—Quisiera saber —le dijo a Craso—, quisiera saber si podría formularle una pregunta, señor. Es posible que sea algo que a mí no me incumba, pero tengo una enorme curiosidad por saber por qué dijo usted hace un rato que, si éste era el judío David, había de por medio una irónica justicia. O algo por el estilo...
—¿Yo dije eso? —preguntó Craso—. Francamente no sé qué es lo que quise decir o intenté decir.
Ya se había hecho todo, y la mayor parte del pasado debía permanecer en la más absoluta calma y discreción. Escasa gloria había en vencer a esclavos. Los triunfos y las grandes devociones eran para otros; para él sólo quedaban pequeñas satisfacciones como la carnicería de los crucifijos. ¡Qué cansado estaba de matanzas, de muertes y de torturas! Pero ¿dónde ir para escapar de aquello?
Cada vez más la sociedad que estaban creando era la de la vida reposando en la muerte. Jamás en toda la historia del mundo la matanza en masa había sido elevada a tal plano de precisión y cantidad. ¿Y dónde iría a parar y en qué terminaría? Recordó entonces un incidente ocurrido poco después de que hubiera asumido el mando de las derrotadas y desmoralizadas fuerzas de Roma. Había entregado tres legiones a su amigo y compañero de infancia, Pilico Mummio, hombre que ya había participado en dos importantes campañas, y le había dado instrucciones de hostigar a Espartaco y tratar de separar parte de sus fuerzas. En lugar de lograrlo, Mummio cometió el error de caer en una celada, y sus tres legiones, enfrentadas sorpresivamente a los esclavos, emprendieron una huida ciega y fueron presa de un pánico tan vergonzoso como jamás había ocurrido en la historia de los ejércitos romanos. Recordaba el indescriptible vapuleo verbal que había propinado a Mummio; recordaba los insultos que le había dirigido y cómo lo había tratado de cobarde. Pero no podía extralimitarse con un hombre como Mummio. Con las legiones era distinto. Cinco mil hombres de la séptima legión fueron puestos en fila y de cada diez se separó a uno y se lo ejecutó por cobardía. «Deberías haberme matado a mí», le había dicho Mummio tiempo después.

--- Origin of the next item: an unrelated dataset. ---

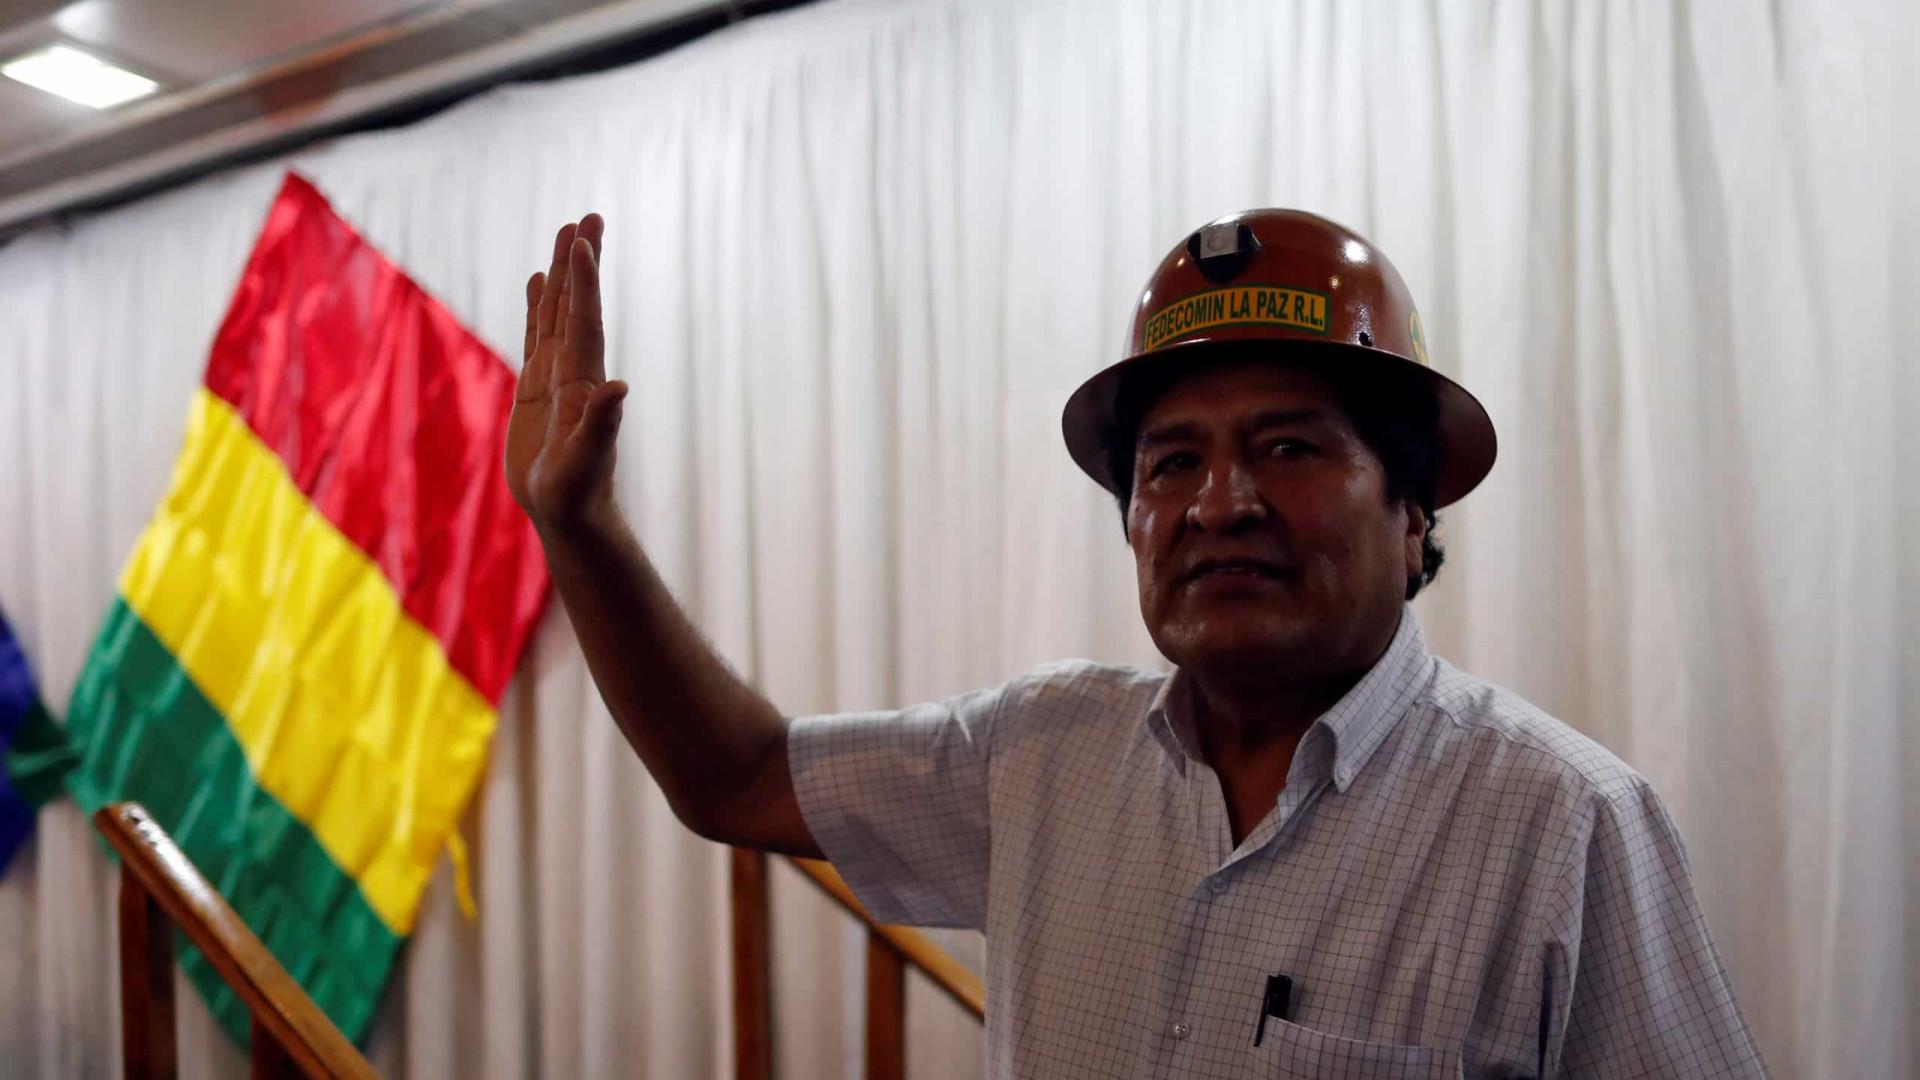 Partido de Evo Morales anuncia em janeiro candidato à presidência

Lo recordaba ahora perfectamente bien, ya que eran precisamente Mummio y el ex cónsul Marco Servio por la suerte que habían corrido, quienes habían hecho que anidara en él el más profundo odio hacia los esclavos. Recordaba un relato al respecto, pero como en todos los relatos provenientes del campo de los esclavos, era difícil separar la verdad de la mentira. Marco Servio era responsable, en cierta medida, de la muerte de un galo de nombre Crixo, uno de los más queridos compañeros de Espartaco, a quien había logrado separar del grueso del ejército, hasta rodearlo, y allí murió con sus tropas. De modo que, mucho tiempo después, cuando Servio y Mummio fueron hechos prisioneros por Espartaco y juzgados ante un tribunal de esclavos, se dijo que un judío llamado David había hecho objeciones a la muerte de ambos, o tal vez el judío llamado David había hecho objeciones a la forma en que se les iba a dar muerte. Craso no estaba seguro. Habían muerto luchando como pareja de gladiadores. A aquellos dos líderes de ejércitos romanos, de mediana edad, se les desnudó, se le entregó un puñal a cada uno y se les condujo a una pista de arena para que se enfrentaran en un combate a muerte. Ésa fue la única vez que Espartaco hizo una cosa así, pero Craso no la olvidó ni la perdonó nunca.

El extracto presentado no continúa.